> [PROBLEM DETAILS]:
The following data is to be repeated exactly, its pictures excluded.

> [SUPPLIED DATA]:
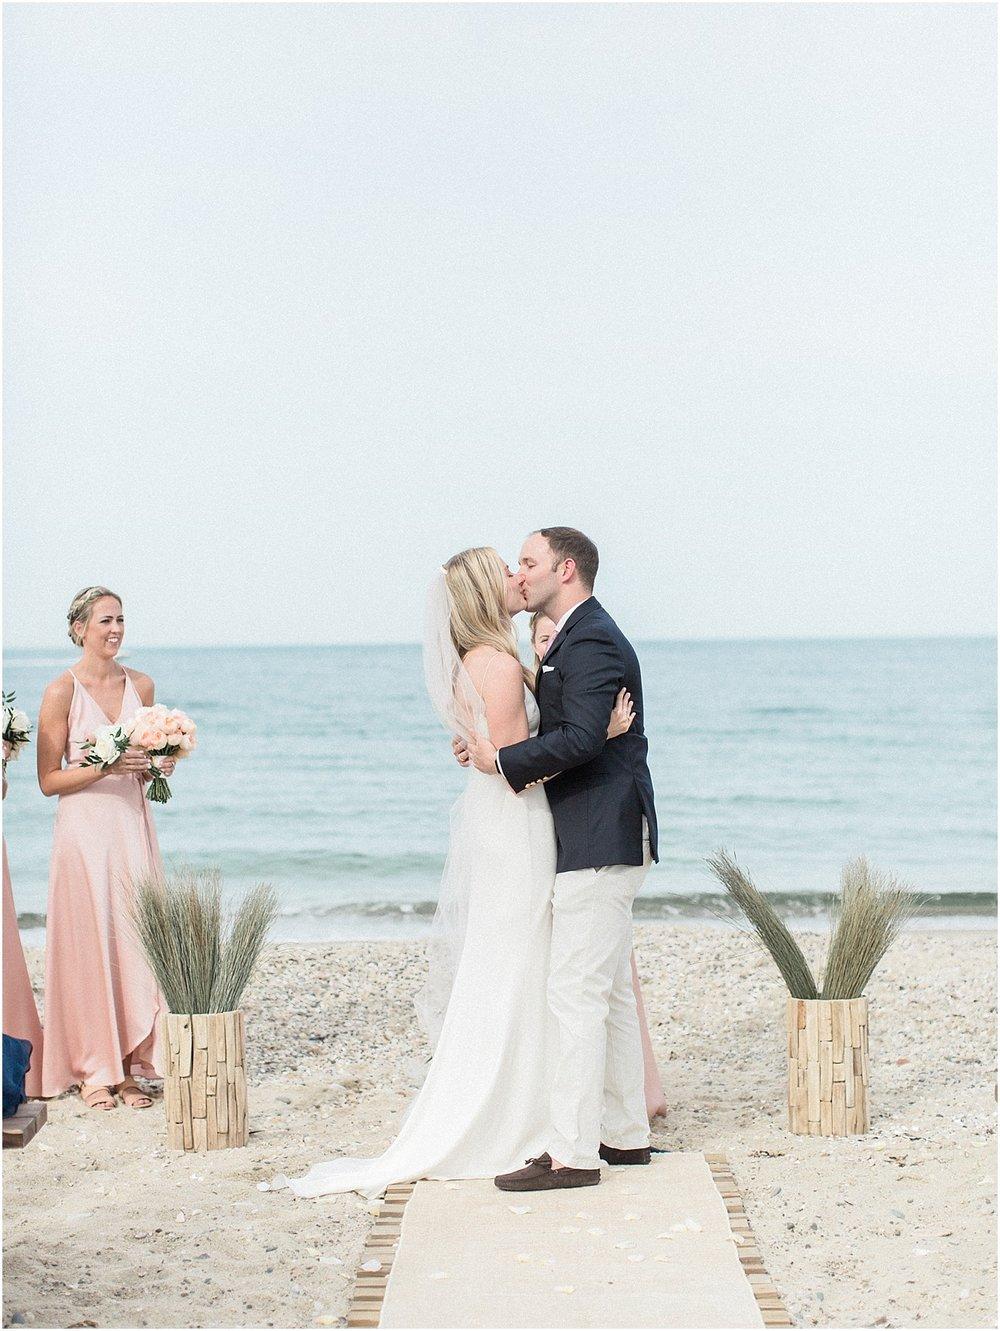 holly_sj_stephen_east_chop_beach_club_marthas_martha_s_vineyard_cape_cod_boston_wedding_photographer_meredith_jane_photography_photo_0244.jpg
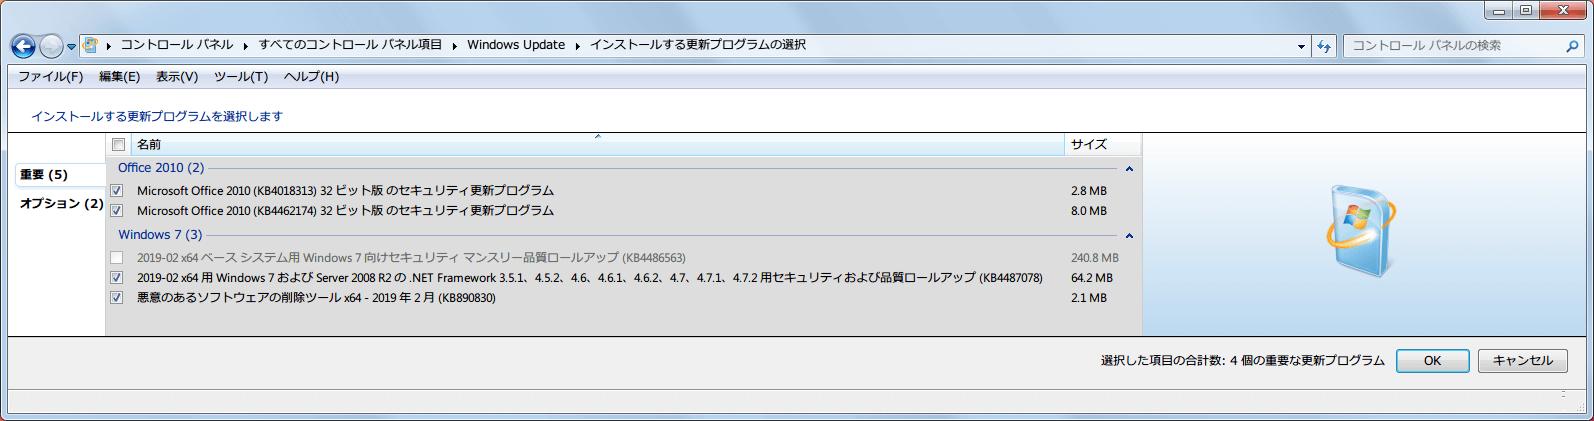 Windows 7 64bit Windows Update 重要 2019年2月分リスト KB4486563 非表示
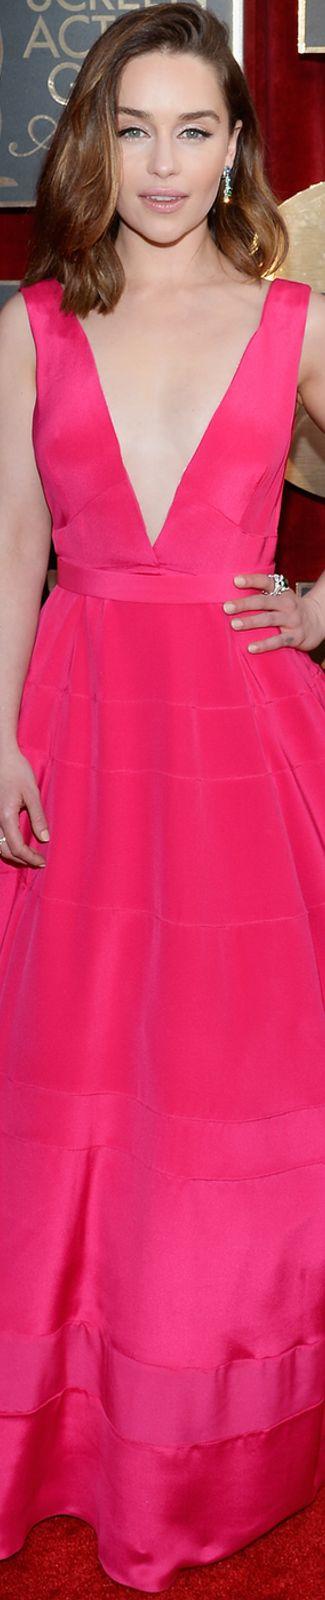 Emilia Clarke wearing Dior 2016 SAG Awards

> [ANSWER BOX]:
 holly_sj_stephen_east_chop_beach_club_marthas_martha_s_vineyard_cape_cod_boston_wedding_photographer_meredith_jane_photography_photo_0244.jpg
 Windows 7 64bit Windows Update 重要 2019年2月分リスト KB4486563 非表示
 Emilia Clarke wearing Dior 2016 SAG Awards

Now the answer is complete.